The Y1 plan is divided into eight projects. Each project will consist of some underlying uplift in our base capabilities and then a use case deployment on each in-scope network, showcasing how it can be used. Throughout each project the GRP Automation team will be working closely with each team, assisting them in taking advantage of the uplift and helping shoulder the workload of the implementation. As the GRP Automation team moves on to the next project, it will remain available to the individual network teams as a resource to assist them in further taking advantage of the uplift.
Project 1 – “Set System”, beginning Monday, May 20
The router configs can be thought of as being divided in to two parts: the parts of the config that almost never change and those parts of the config that change frequently and/or are related to customer/peer turnups. The “system” stanza on Juniper routers is a good example of the static portions of the config; it seldom changes and it’s generally the same on every router on the network. There may be a few simple “variables”, such as the radius key or the syslog server, but it’s generally the same. Large portions of the config are essentially static and yet our research showed that it’s not uncommon for a part of that static to change. The loopback-in filter is updated, or a new feature like uRPF is enabled and a chunk of static config is inserted.

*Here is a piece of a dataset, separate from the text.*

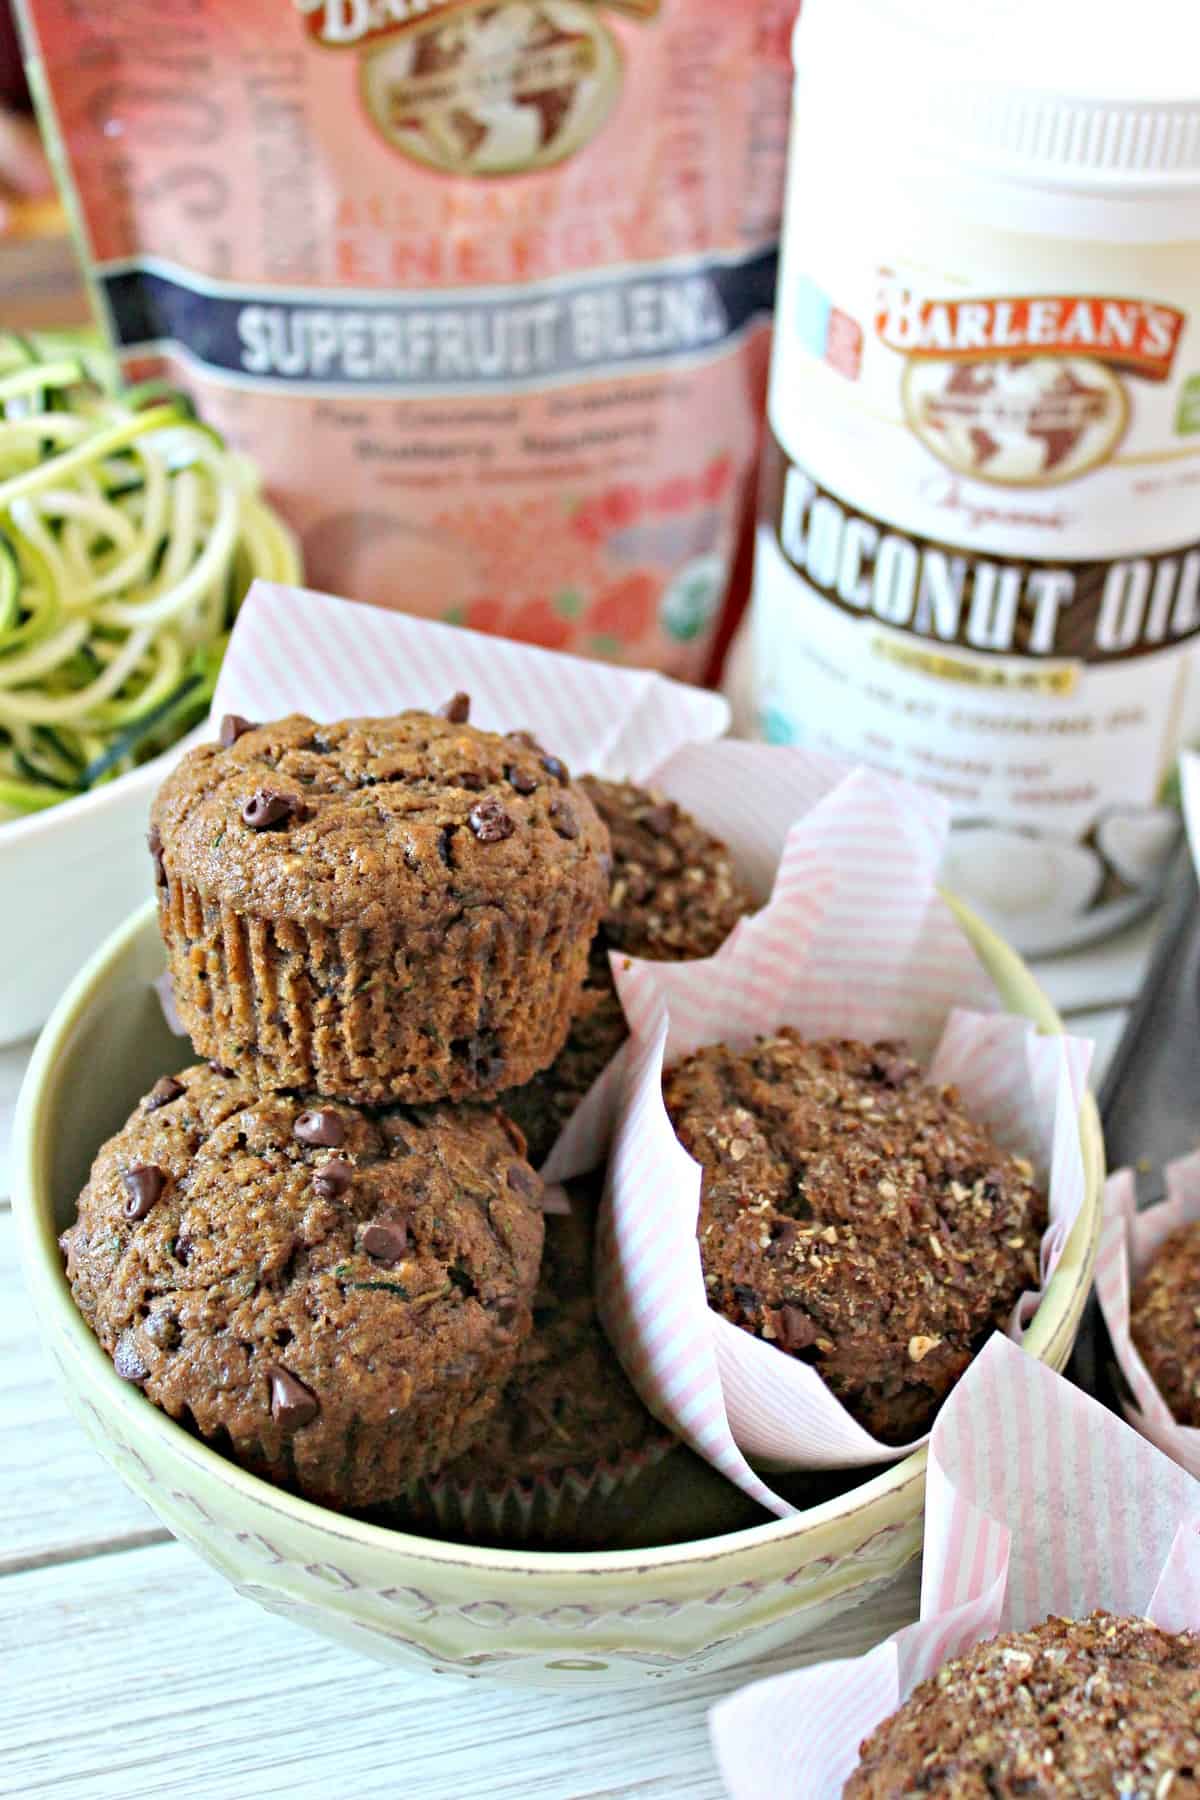 Healthy Zucchini Superfruit Muffins! You won't believe these muffins make a healthy addition to breakfast and brunch by tasting them, but they're bursting with wholesome ingredients! Sweetened with coconut sugar and fortified with flax, superfruits and zucchini, they're a muffin you'll want to make again and again.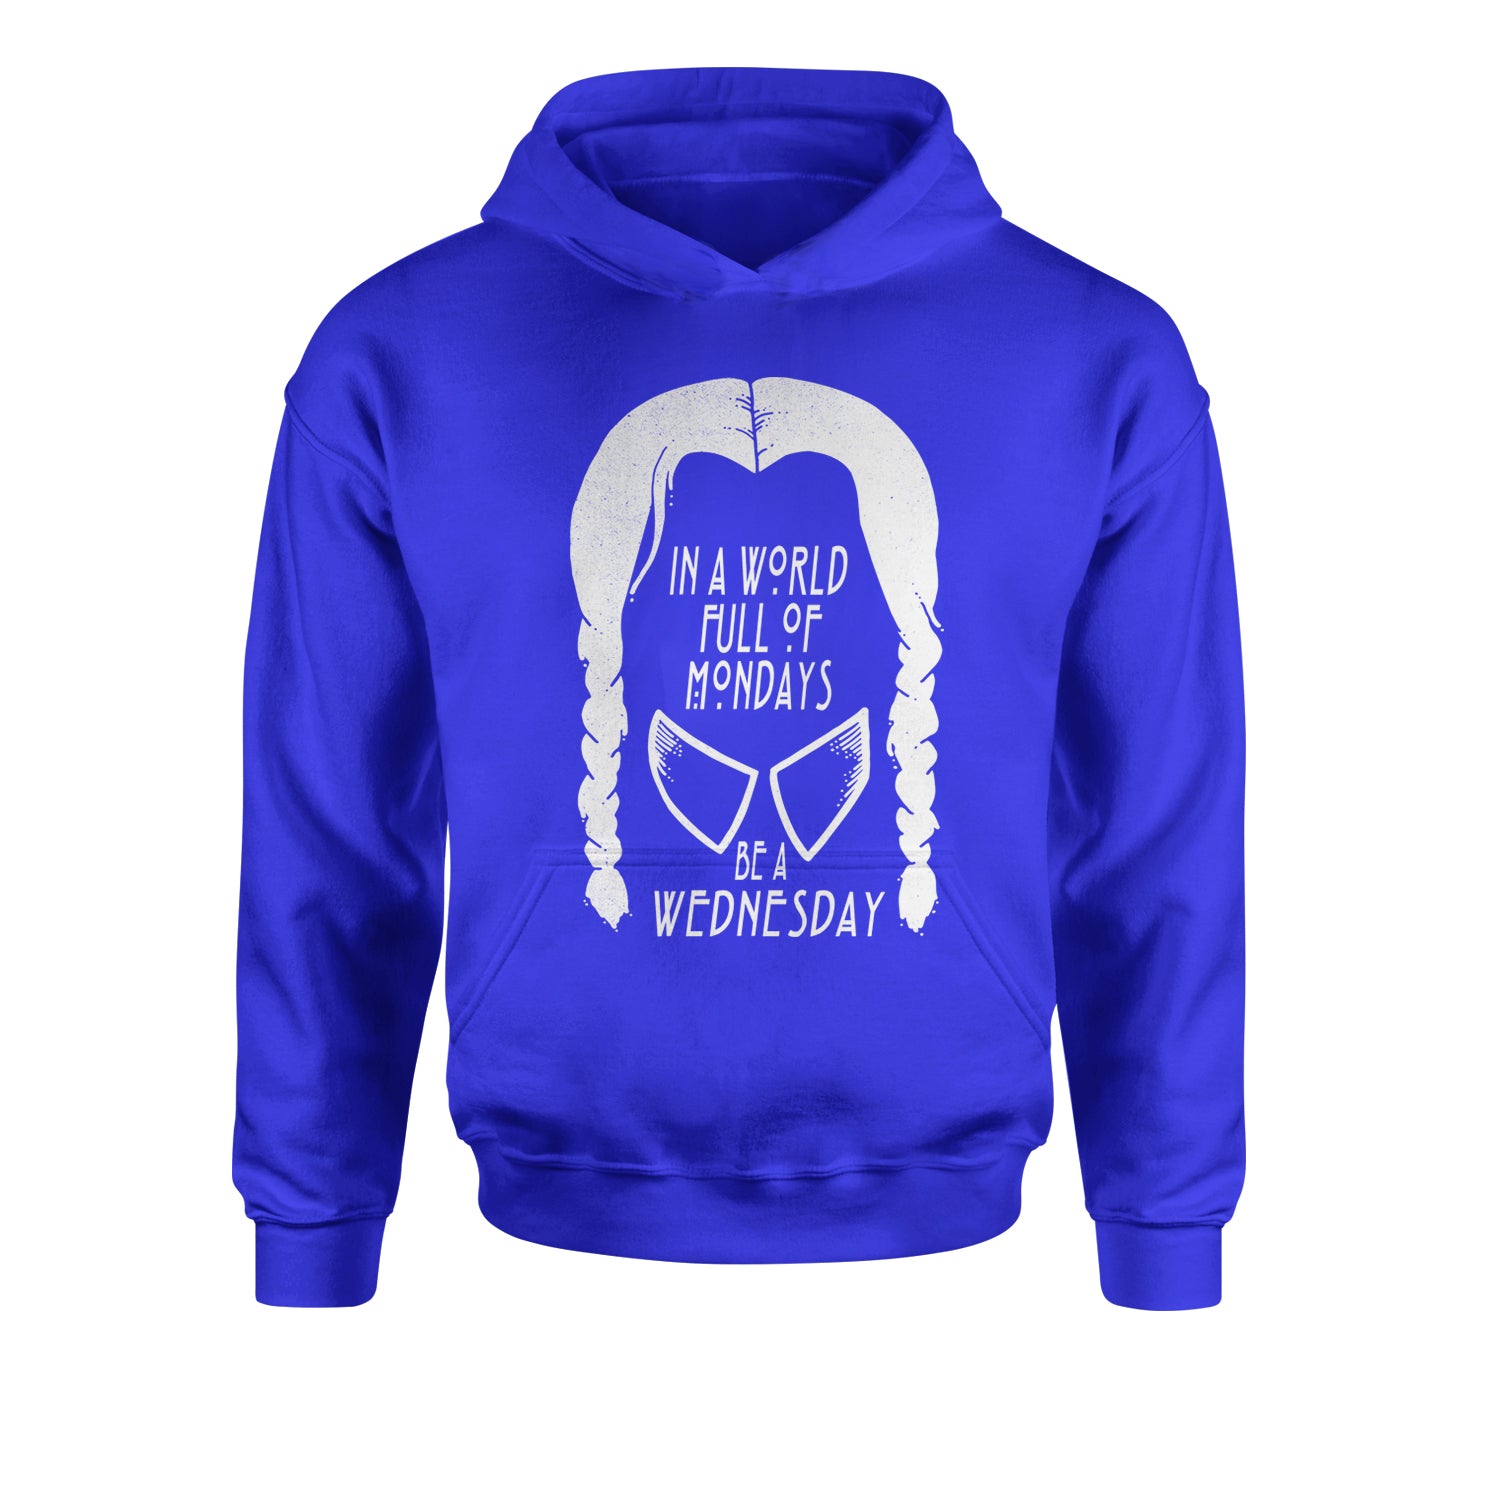 In A World Full Of Mondays, Be A Wednesday Youth-Sized Hoodie academy, jericho, more, never, nevermore, vermont, Wednesday by Expression Tees

Our first project is related to these mostly static configuration sections … with some allowances for light variable replacement like “this is the syslog server to use for this set of devices” . The “set system” stanzas will be moved in to GIT with future changes to those sections made in GIT with AWX/Ansible pushing them out. This will allow for more consistency in these portions of the configuration, as well as assist in the deployment of these config changes. We’ll also be documenting and working with the networks standards related to change windows, role codes, release phasing, annotating changes, commit standards, and managing where the source of truth is for sections of the config: GIT, the database, or the router proper. Please know that training will be a part of every project. The GRP Automation team will be working with the networking staff to move the System stanzas, as well as other areas the staff would like assistance. It should be noted that the GRP Automation team is leveraging previous work in this area by the GlobalNOC staff Molly Balas and Jason Iannone.
Project 2 – Global Prefix lists, beginning Monday, June 17
Prefix lists are a big part of our lives when we work on backbone routers. The “global” lists manage access to the router, such as an ssh-in list, allowed SNMP hosts, or BOGON prefixes to reject when received by BGP. This GRP Automation project will enable these prefixes to be managed via the GlobalNOC database as the source of truth. Prefixes will be entered and tagged, in much the same way that they are entered to manage IP address space in the database. From there the global prefix lists can be pushed out to the routers automatically, ensuring that our prefix lists are exactly what we intend on every node and freeing us from the uncertainty of dropped lines, insertions, and other trouble that naturally derives from manually editing important ACL’s. This work leverages previous work in this area by GlobalNOC engineer Tom Johnson.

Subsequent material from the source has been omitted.